++++ GIVEN INFORMATION

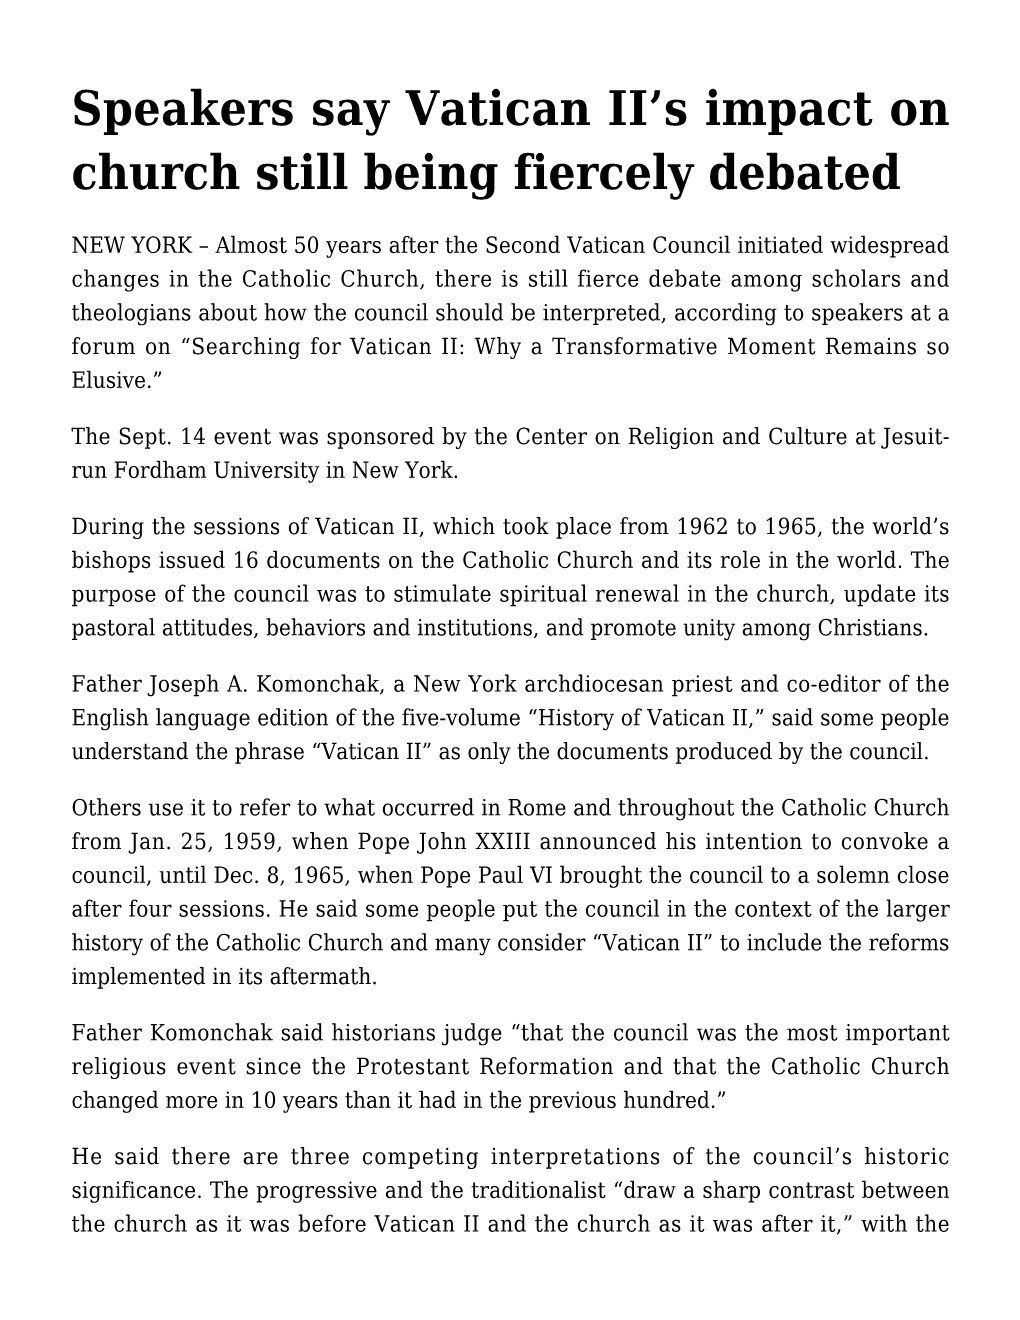 Speakers Say Vatican II's Impact on Church Still Being Fiercely Debated
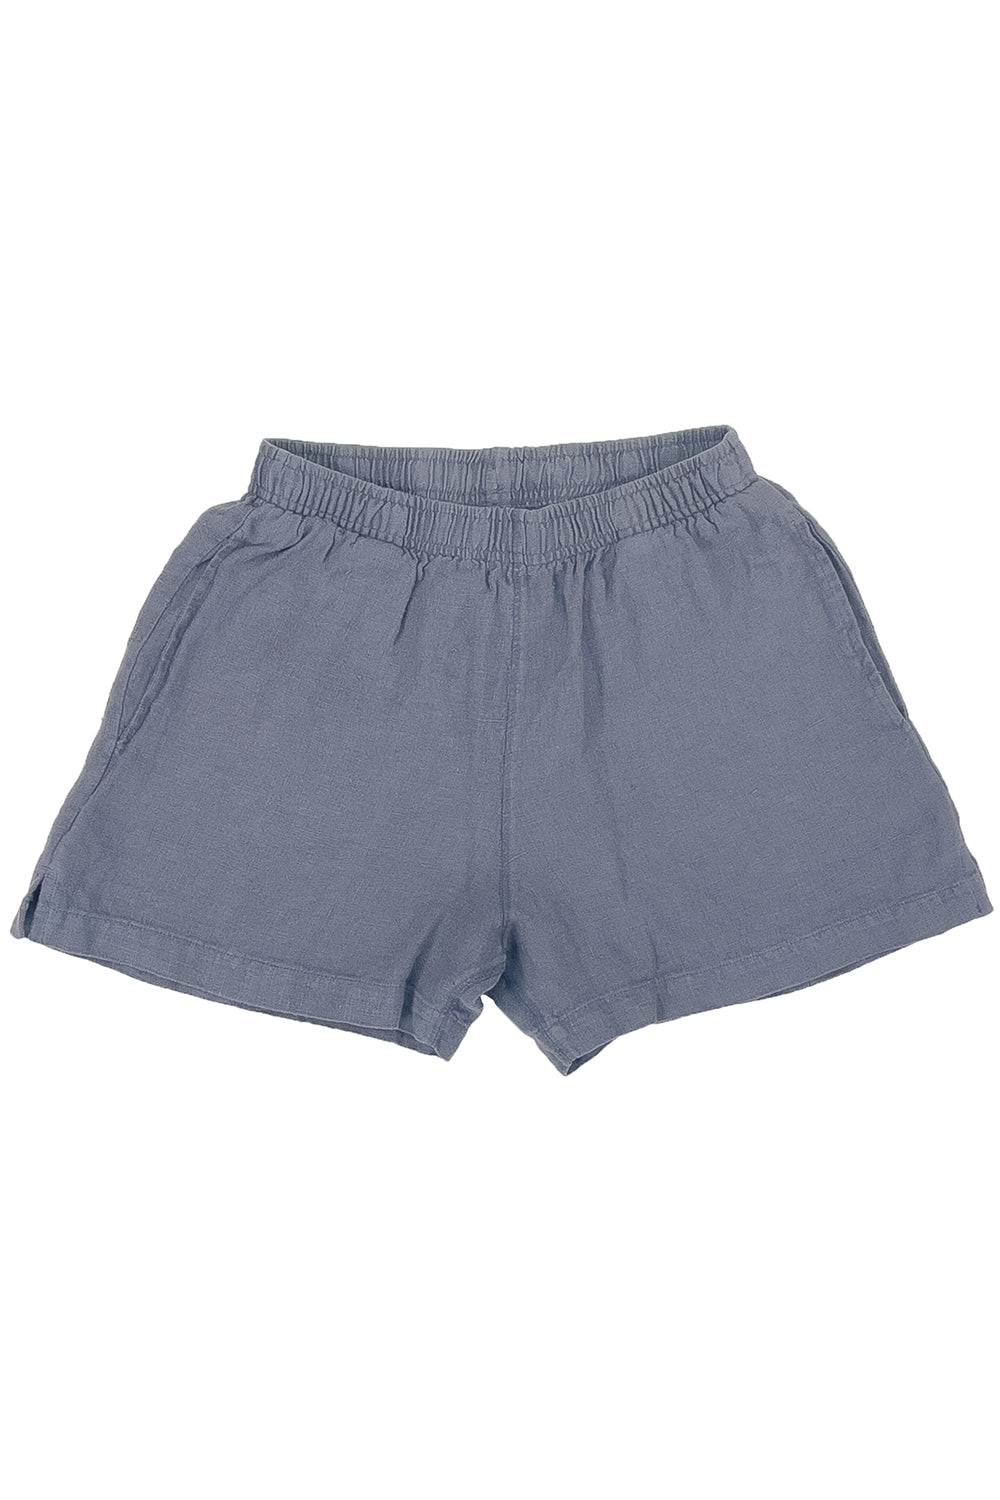 Makena 100% Hemp Short | Jungmaven Hemp Clothing & Accessories / Color: Diesel Gray
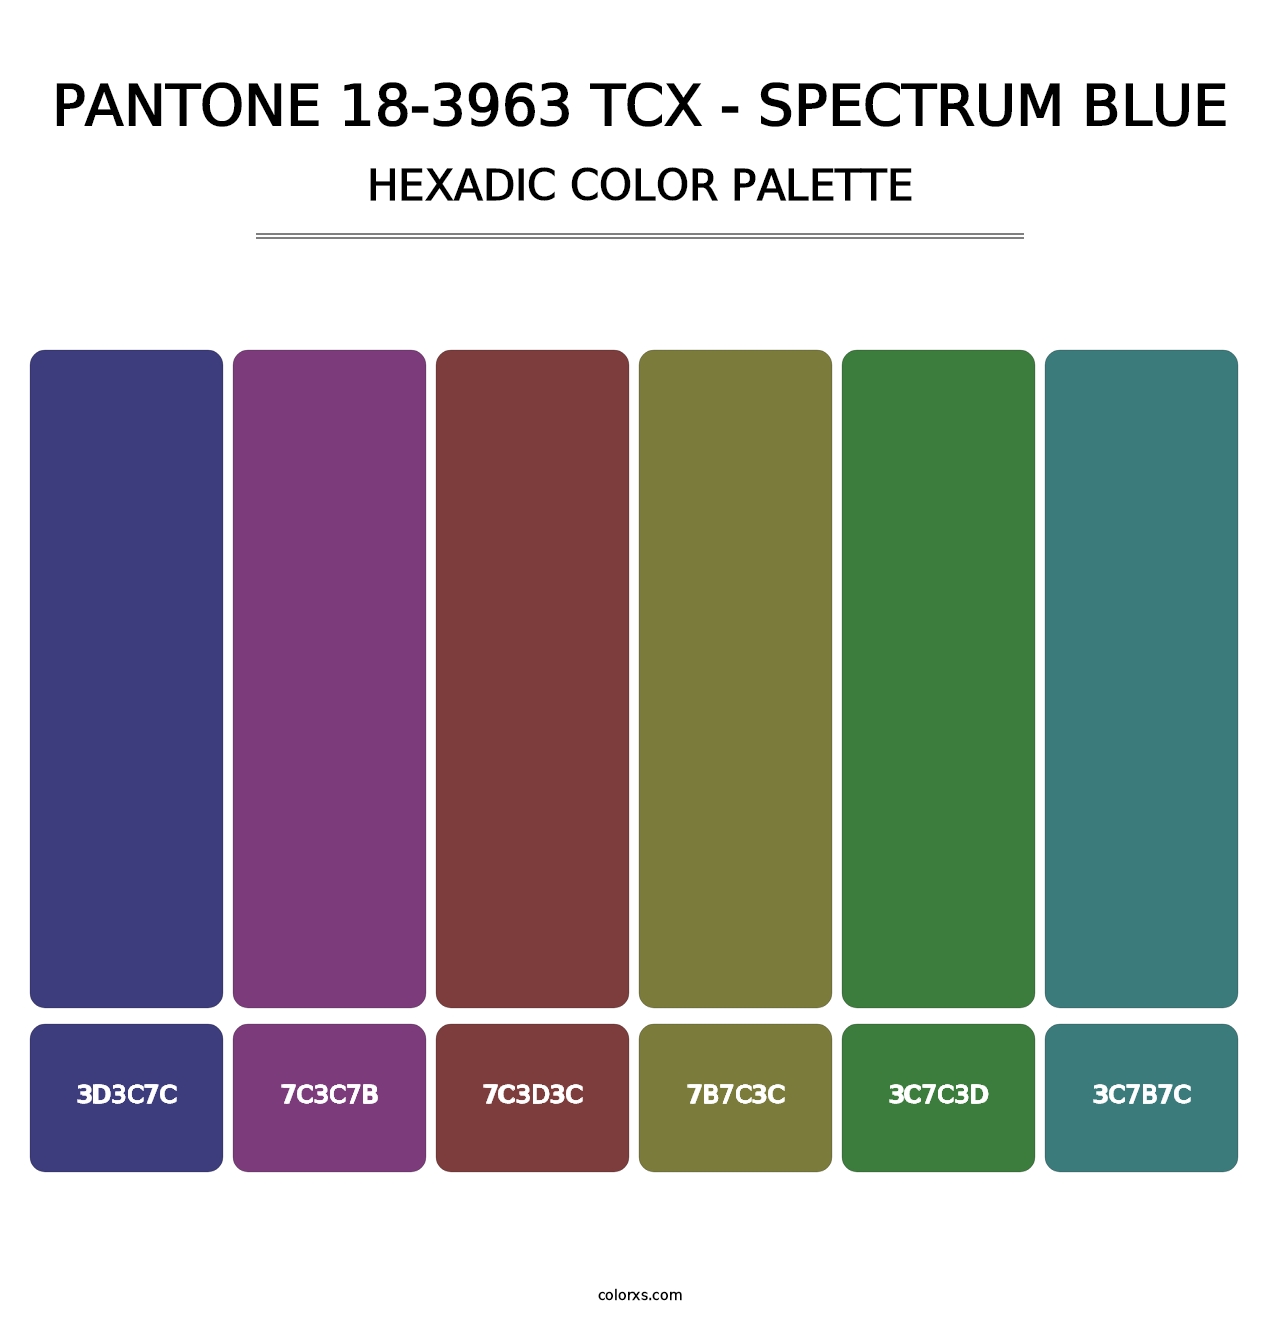 PANTONE 18-3963 TCX - Spectrum Blue - Hexadic Color Palette
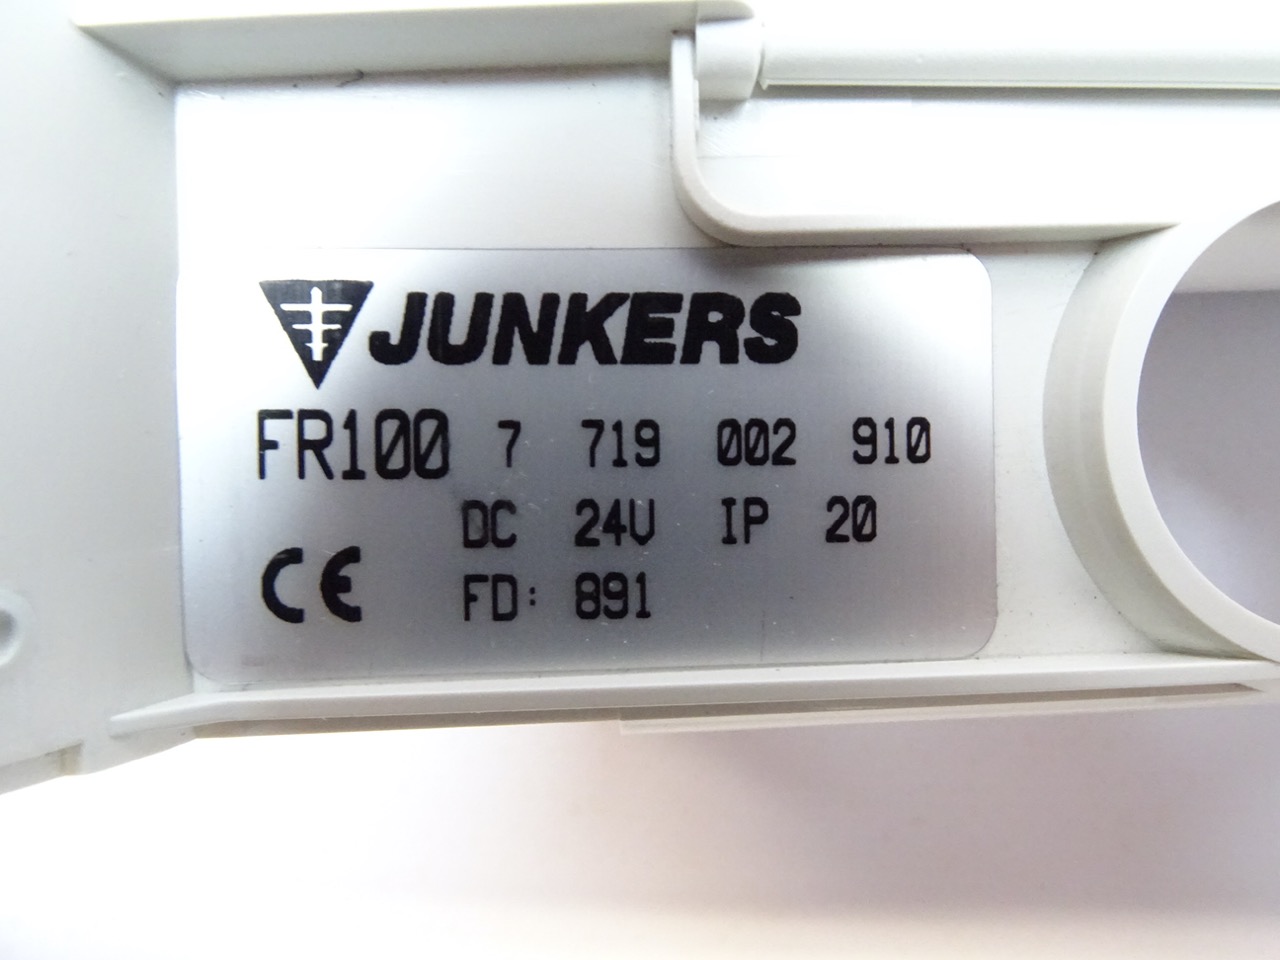 Junkers Bosch FR100 Raumtemperaturregler Thermostat Steuerung

++++++++

--- REQUIRED WORK ---
Transcribe only the lines from the one holding "PANTONE 18-3963 TCX - Spectrum" through the last line of the listing above, inclusive, and do not include the pictures.

--- SOLUTION ---
 PANTONE 18-3963 TCX - Spectrum Blue - Hexadic Color Palette
 Junkers Bosch FR100 Raumtemperaturregler Thermostat Steuerung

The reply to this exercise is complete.